Nikki's Perfect Pastitsio Recipe
TOTAL TIME: Prep: 45 min. Bake: 50 min.MAKES: 12 servings
2-1/2 cups uncooked penne pasta
2 tablespoons butter, melted
1 cup grated Parmesan cheese
1-1/2 pounds ground sirloin
1 medium onion, chopped
2 garlic cloves, minced
1 can (15 ounces) tomato sauce
1/2 teaspoon salt
1/2 teaspoon ground cinnamon
1 cup shredded Parmesan cheese, divided
1/2 cup butter, cubed
2/3 cup all-purpose flour
1/2 teaspoon salt
1/4 teaspoon pepper
4 cups 2% milk
2 large eggs
Cook pasta according to package directions; drain. Toss with butter; add grated Parmesan cheese. Transfer to a greased 13x9-in. baking dish.
Preheat oven to 350°. In a large skillet, cook beef and onion over medium heat 8-10 minutes or until beef is no longer pink, breaking beef into crumbles; drain. Add garlic; cook 2 minutes longer. Stir in tomato sauce, salt and cinnamon; heat through. Spoon over pasta. Sprinkle with 1/2 cup shredded Parmesan cheese.
In a large saucepan, melt butter. Stir in flour, salt and pepper until smooth; gradually add milk. Bring to a boil; cook and stir 1-2 minutes or until thickened.
In a small bowl, whisk a small amount of hot mixture into eggs; return all to pan, whisking constantly. Bring to a gentle boil; cook and stir 2 minutes. Pour over beef mixture. Sprinkle with remaining cheese.
Bake, covered, 20 minutes. Bake, uncovered, 30-40 minutes longer or until golden brown. Yield: 12 servings.
Test Kitchen Tips
To save time and avoid dirtying a dish, feel free to skip the draining step after cooking the beef and onions. The sauce will be slightly richer, but sirloin is fairly lean so there shouldn't be much fat in the pan.
Whisk constantly when adding milk to the roux (the flour and butter mixture). The whisk will help break up any lumps of flour so your sauce is silky smooth.
This recipe makes a mountain, which is great if you're having a big gathering or just want lots of leftovers.
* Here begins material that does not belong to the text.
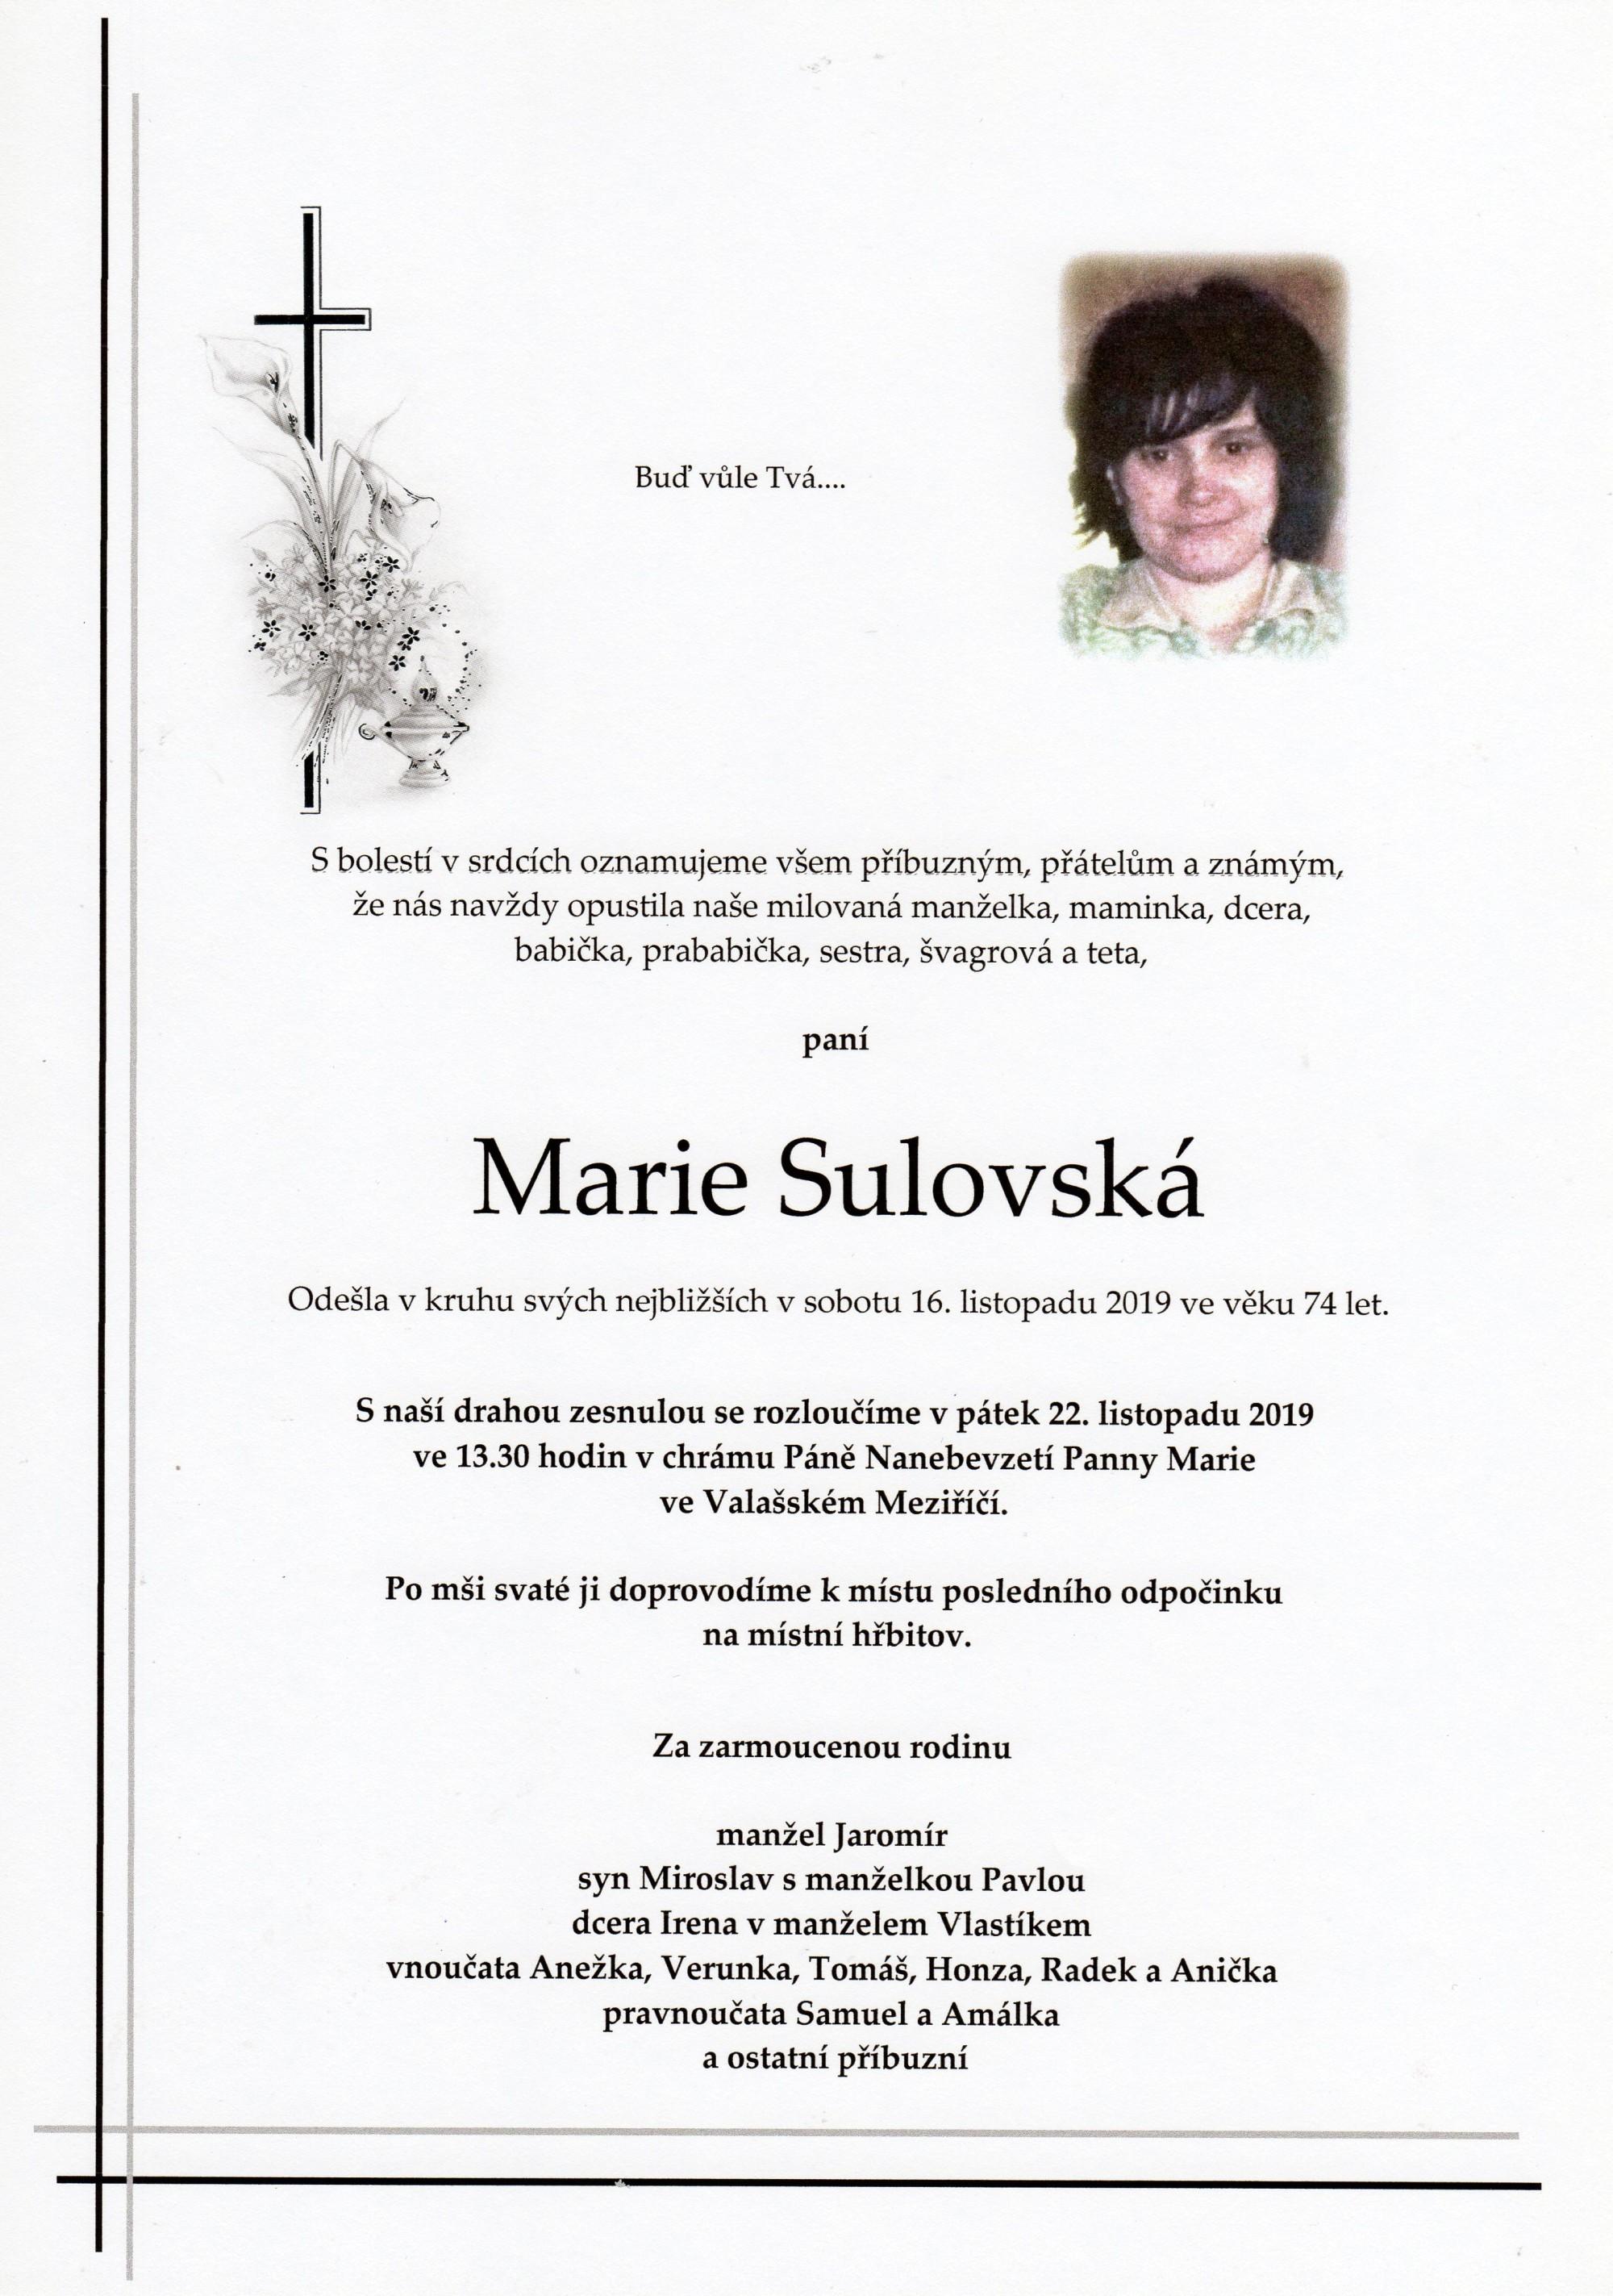 Marie Sulovská

But you can easily scale this recipe down to a more manageable size by cutting it in half.
The addition of warm spices such as cinnamon, nutmeg and allspice is a defining characteristic of pastitsio (which, incidentally, translates to hodgepodge). If you want to test the waters, try adding half the amount of cinnamon called for in the recipe.